Peep sights actually predate firearms, having been used on crossbows. Peep sight, though not common, can be found on very early flintlocks. While modern micro-adjustable target peeps look out of place on a muzzleloader, the simple one piece "lollypop" tang sight looks like it belongs on a ML rifle. However, they are not allowed at any rendezvous shoot I have attended. Why not? Just because that's the rule, open sights only.
 
This is one of the many items that draw heat from the PC/Traditional side, while peeps sights and other things can be traced back to the past, the use of their modern counterparts on old type guns does not bode well with those who feel that to be traditional or PC the item should be of the same type as used in the past not just share the same name.
 
BULL on PC sights :cursing:

Jap matchlocks had peeps on them! Which pre-date any North american "eastern and for sure western mountainman".
Just because it was not present and in use here, does not mean it was not common in another country of the same time period.
Natives here were using stone and bone.
Japan,China and India had developed powder charged weaponary, rockets at the same time.
 
If the person shooting a peep sight knows how to use it he has a definite advantage over the person using open sights. Especially as the range increases.

Vic
 
"Jap matchlocks had peeps on them! Which pre-date any North american "eastern and for sure western mountainman".
Just because it was not present and in use here, does not mean it was not common in another country of the same time period."

Such well thought logic is hard to refute...NOT.
We were talking about peeps in a particular place and time and type as to be PC for that period and place....not to hard to understand if one trys just a bit.... the "PC bull" thing was a real winner also, it is intersting how so little in the way of factor twisting of facts can be put forth to bash a PC exchange.
 
tg said:
"Jap matchlocks had peeps on them! Which pre-date any North american "eastern and for sure western mountainman".
Just because it was not present and in use here, does not mean it was not common in another country of the same time period."

Such well thought logic is hard to refute...NOT.
We were talking about peeps in a particular place and time and type as to be PC for that period and place....not to hard to understand if one trys just a bit.... the "PC bull" thing was a real winner also, it is intersting how so little in the way of factor twisting of facts can be put forth to bash a PC exchange.

So how do you really feel! :v
 
TG,

I don't have a dog in this fight, but I do have a question. I have seen arguments for and against several things - peep sights being one of them - when it comes to PC events. Underhammers are almost universally shunned it seems. My perspective from the peanut gallery is that the PC folks are driving the boat based on what was popularly used. If something may not have been in vogue at the time, but was available and is documented as such, why is it cast out as unacceptable?

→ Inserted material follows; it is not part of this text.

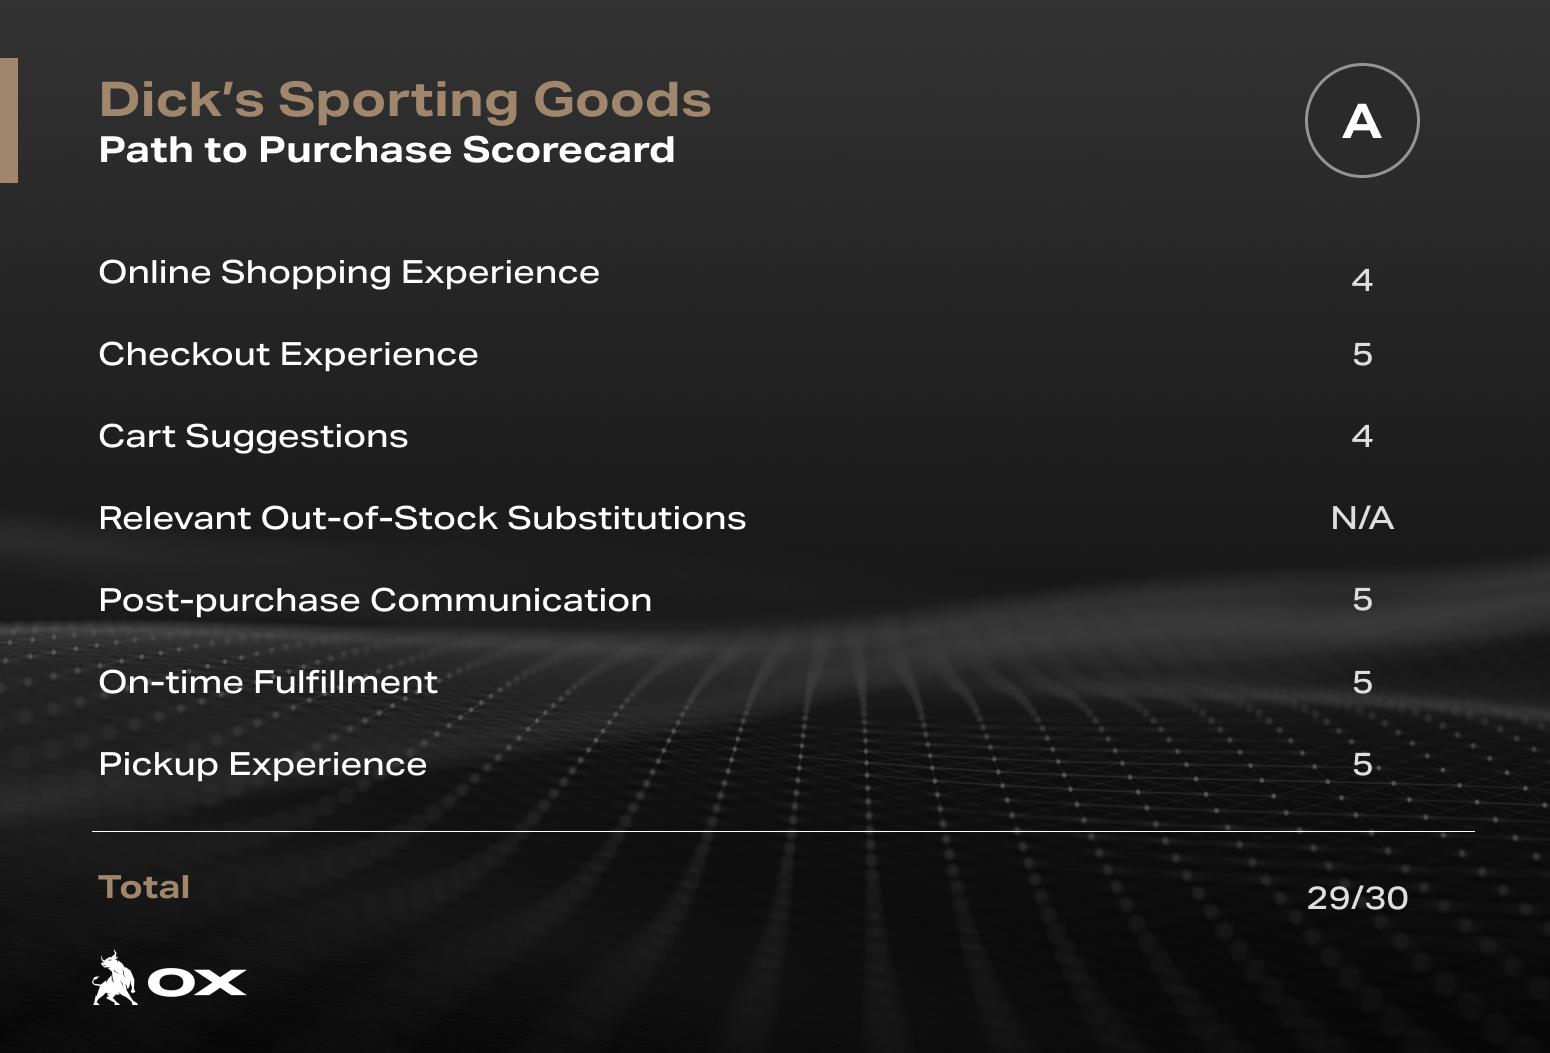 BOPIS Scorecard_ Dicks Sporting Goods (1)

I mean, here in the 2000s, flintlocks, handgonnes, matchlocks and even caplocks are not in vogue with the rest of the mainstream (hard to believe, I know, but it is true - I read it in the Enquirer), yet there are plenty in use and a cottage industry supporting them. Certainly back in the Mountain Man era, there were fringe folks that used peep sights, underhammers, and other stuff (maybe even peep sighted underhammers...), so why would they not be acceptable?
 
Pork Chop,
Your out of here!!!!!You make way to
much sence :rotf:
snake-eyes :applause:
 
With these three score plus eyes of mine, I need all the help I can get. I have put this rear fixed peep (AKA a closed buckhorn) at link on a couple of rifles & love it. It is designed to be used in same position as a regular rear sight, without a close look, one would not suspect it for such.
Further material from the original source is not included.